Izrael wzywa Ban Ki Muna do wycofania słów o bliskowschodnim konflikcie
• Ambasador Izraela przy ONZ Danny Danon napisał list do sekretarza generalnego ONZ Ban Ki Muna
• Wezwał go do wycofania słów o izraelskiej okupacji jako źródle przemocy ze strony Palestyńczyków
09.02.2016 03:02
Zdaniem Danona palestyńscy przywódcy używają tych słów, by "usprawiedliwiać karygodne akty terroru". Zdaniem ambasadora stwierdzenia sekretarza generalnego zinterpretowano jako określające "dwie kategorie terroru: terror skierowany przeciw Izraelczykom i terror skierowany przeciw całej reszcie świata".
"Zamiast krytykować Izrael, który z powodu terroru stracił wielu obywateli, ONZ powinna pociągnąć do odpowiedzialności sprawców" - napisał ambasador.
Jednak rzecznik ONZ Stephane Dujarric oznajmił w poniedziałek, że Ban podtrzymuje "każde słowo, którego użył", oraz podkreślił, że sekretarz generalny wielokrotnie potępiał "terror i mówił, że absolutnie nic, nic nie usprawiedliwia terroryzmu".
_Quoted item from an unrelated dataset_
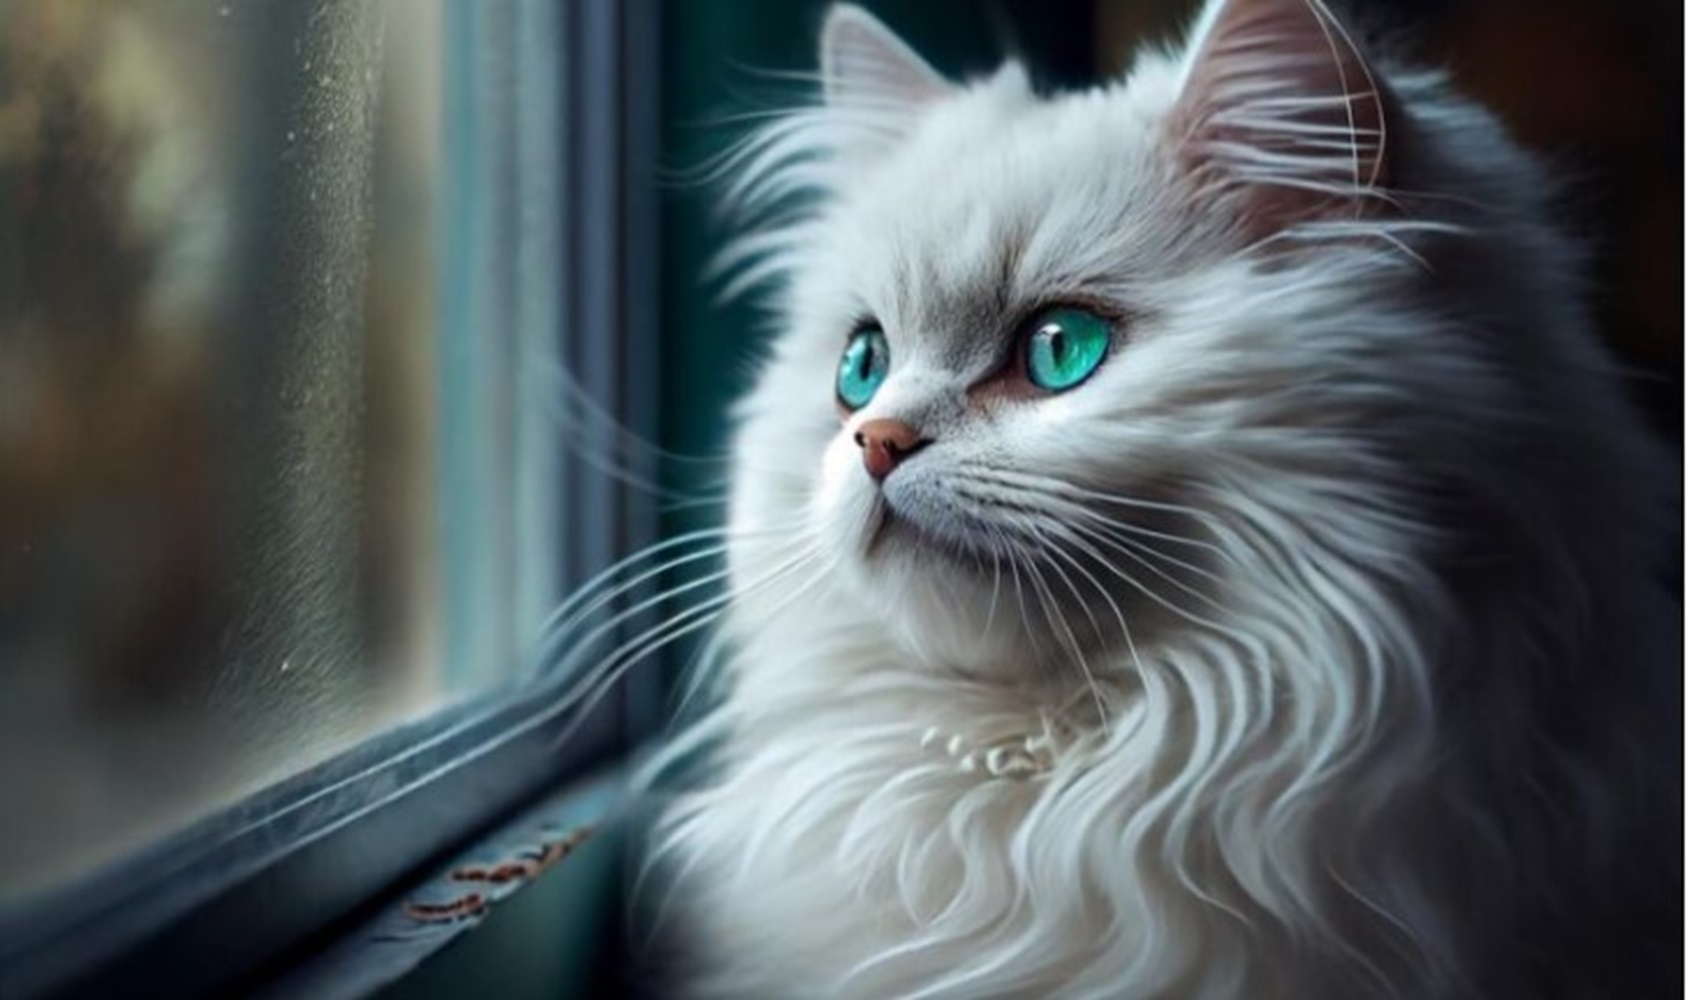 Hewan Unik, Ini 7 Ras Kucing Tercantik di Dunia, Ada Russian Blue dengan Bola Mata Hijau Zamrud

W styczniu na specjalnej sesji Rady Bezpieczeństwa ONZ w sprawie konfliktu izraelsko-palestyńskiego Ban jako źródło przemocy ze strony Palestyńczyków wskazał "lata okupacji" i podkreślił że "należy do natury człowieka reagowanie na okupację, co często rodzi nienawiść i ekstremizm".
Od października 2015 roku napięcia w konflikcie wciąż rosną. Na Zachodnim Brzegu Jordanu, w Izraelu i w Jerozolimie Wschodniej często dochodzi do aktów przemocy i ataków palestyńskich nożowników na przedstawicieli izraelskich sił bezpieczeństwa. Według ostatniego bilansu agencji Reuters od 1 października ubiegłego roku fala przemocy spowodowała śmierć co najmniej 156 Palestyńczyków, w większości sprawców ataków, i 27 Izraelczyków.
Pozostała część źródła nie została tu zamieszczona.